Message passing is the underlying implementation model of the system. Therefore, some of the POSIX and ANSI C library functions that you use in your programs (like "fopen ()", "lseek ()", "write ()", and others) will use message passing on your behalf, transparently to you.

The main advantage of message passing gets back to our point above about who can use message passing. Message passing works consistently regardless of the location of the two threads that wish to perform message passing.

Let me illustrate this by way of an example.

In a conventional operating system, to open and write to a file on a local hard disk, the C library would make a kernel call on your behalf, the kernel would call into the filesystem driver, and the filesystem driver would then open the file and write the data to disk. However, to open and write to a file on a remote filesystem, the C library still makes a kernel call, but this time, the kernel decides that the instructions about opening the file and writing the data need to be sent to a different node. So a message is formatted, and sent out over the LAN to another kernel, which then handles the request. However, this has resulted in a double standard — actions performed in the local case are performed one way, and actions performed in a remote case are handled in another, completely different, manner.

Contrast that to what happens under the QNX operating system. Under QNX, a program decides to open and write to a file.
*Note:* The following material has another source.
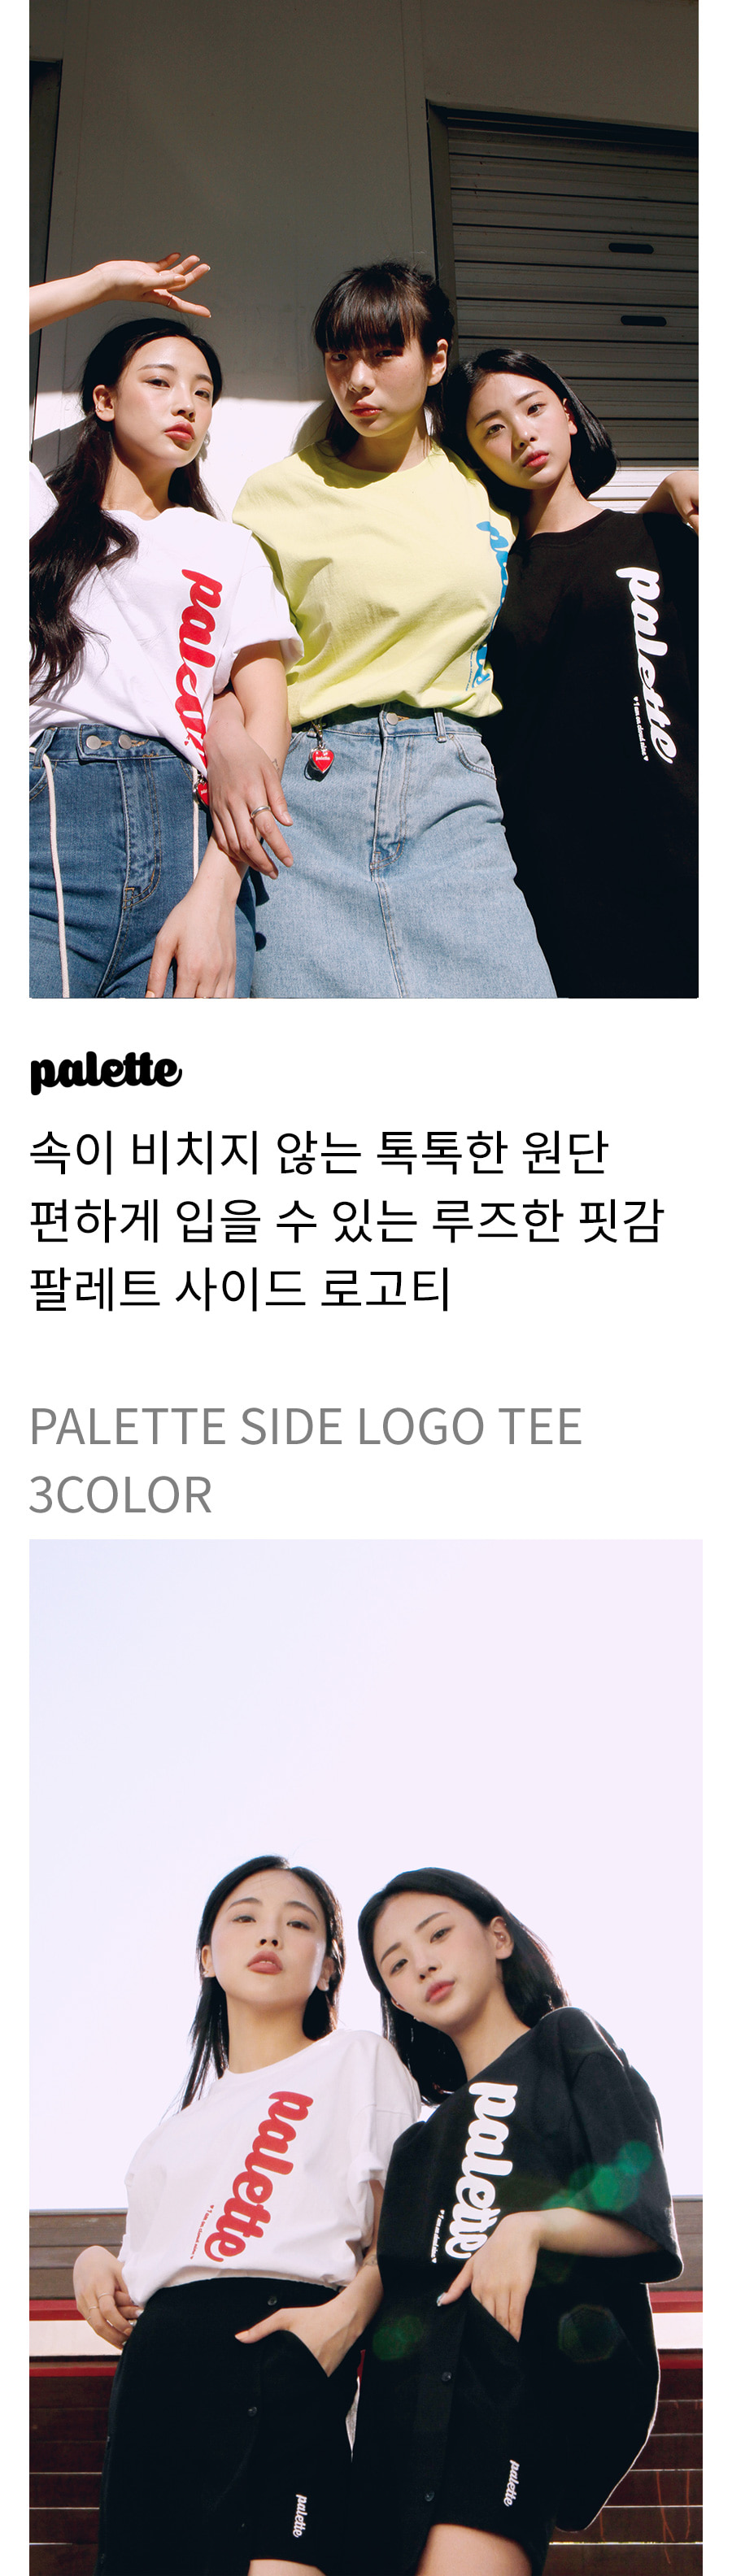 팔레트(PALETTE) [굿즈팩증정] PALETTE SIDE LOGO TEE (BLACK)

In the local case, the C library generates an open message and a write message, and sends them to the filesystem process. The kernel transfers the message from the client (the C program) to the server (the filesystem), and the filesystem performs the work. In the remote case, the exact same thing happens, except that the kernel detects that the target of the message (the server) is on a different node, and transmits the message there instead. The nice thing about this approach is that the exact same server interface is usable by clients on the same node or on different nodes — no further (or "extra") work needs to be done to handle one case or the other.

This can be a very powerful feature when a design has to be expanded to span multiple nodes. This might be required if the hardware that the nodes are controlling is in physically separate areas of a large building. Or, if the number of processes that need to be run on a particular node exceeds the CPU "horsepower", the processes can be distributed over multiple CPUs.

QNX/Neutrino's Openness

Another interesting aspect of QNX/Neutrino is the amount of work that has gone into making it "open". If you look at the history of QSSL's operating systems, each release became more and more open; meaning that the programmer could extend the system in a consistent and transparent manner.

While a significant part of the effort of making something "open" can be in the documentation, this isn't where the most R&D effort was spent for QNX/Neutrino.

Documenting a poor design results in an open system, but one which is not very usable. QNX/Neutrino's design was based on the concept of keeping things simple, and allowing true open-ness — the ability for third parties to customize the operating system by adding, removing, and tailoring pieces as they see fit.

Every function call used to the supplied drivers is documented and available for developers to extend the system.

Since QNX/Neutrino is scalable for the very small end of the spectrum, the message passing design allows components (such as serial port drivers, disk drivers and filesystems, etc) to be dynamically installed at runtime. This allows a larger development and debugging system to be created, with certain parts "trimmed off" for field deployment.

And finally, while QNX/Neutrino is currently only available for the x86 series of processors, its design makes it portable to other processors (for example, the kernel is coded almost entirely in C). This was a deliberate business decision made by QSSL to minimize the amount of work required, should an opportunity present itself for porting to another processor platform.